It was reported today, January 25 that Dov Charney, founder of clothing company American Apparel, was thwarted in his efforts to purchase the company and regain the title of CEO. Charney was ousted as CEO of American Apparel in 2014 amid allegations of misconduct. And there is a lesson in Charney’s unsuccessful American Apparel bid for entrepreneurs.

Not one to sit on the sidelines, Charney wanted to once again head up the company he founded. Backed by investors who claimed to have a $320 million takeover plan, his bid was rejected by U.S. Bankruptcy Judge Brendan Shannon in Wilmington, DE.

The lesson from Charney’s unsuccessful American Apparel bid

Charney’s unsuccessful American Apparel bid illustrates the biggest entrepreneurial lesson out there: when you get knocked down, keep getting up. He attempted to reclaim his former company. When his bid was rejected, he made known his intention to start a new venture that will compete directly with American Apparel. He and his investors cite the poor management of the company that led to its downturn and eventual bankruptcy filing after he was ousted. He knows he can do better than what American Apparel did after he left.
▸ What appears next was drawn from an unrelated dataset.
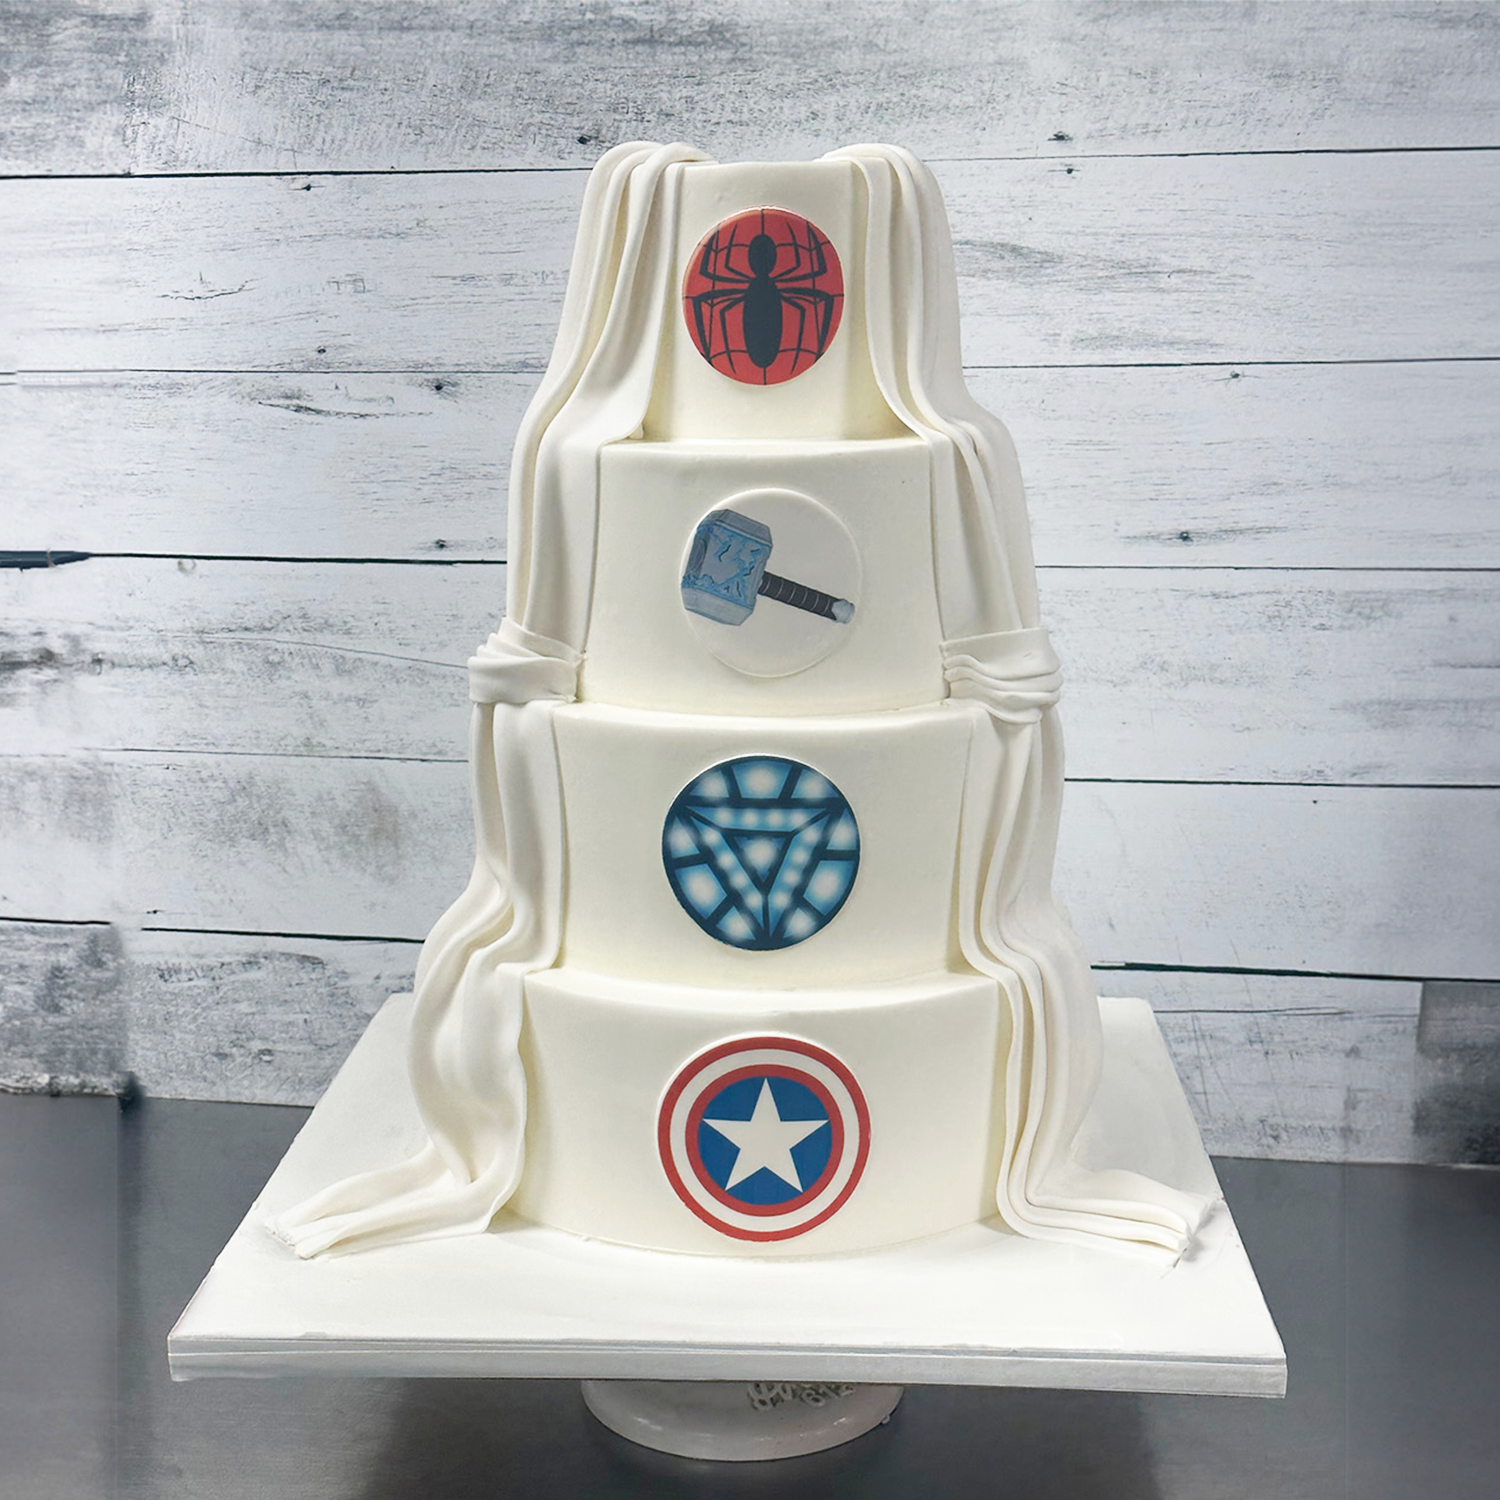 Superhero Wedding Cake

And Charney is not alone; every day, entrepreneurs start businesses that compete with either the companies they’ve left in the dust or their former startups. It’s not uncommon for someone to hang out a shingle with a new name and start going after customers and clients – that’s why companies have non-compete agreements. It is not known whether or not Charney had signed such a document. However, if he’s preparing to launch a company that competes directly with American Apparel, he probably has not.

In the meantime, Charney’s financial supporters are keeping an eye on the American Apparel brand. If there’s an opportunity to scoop it up, they may do so, according to Chad Hagan of Hagan Capital Group.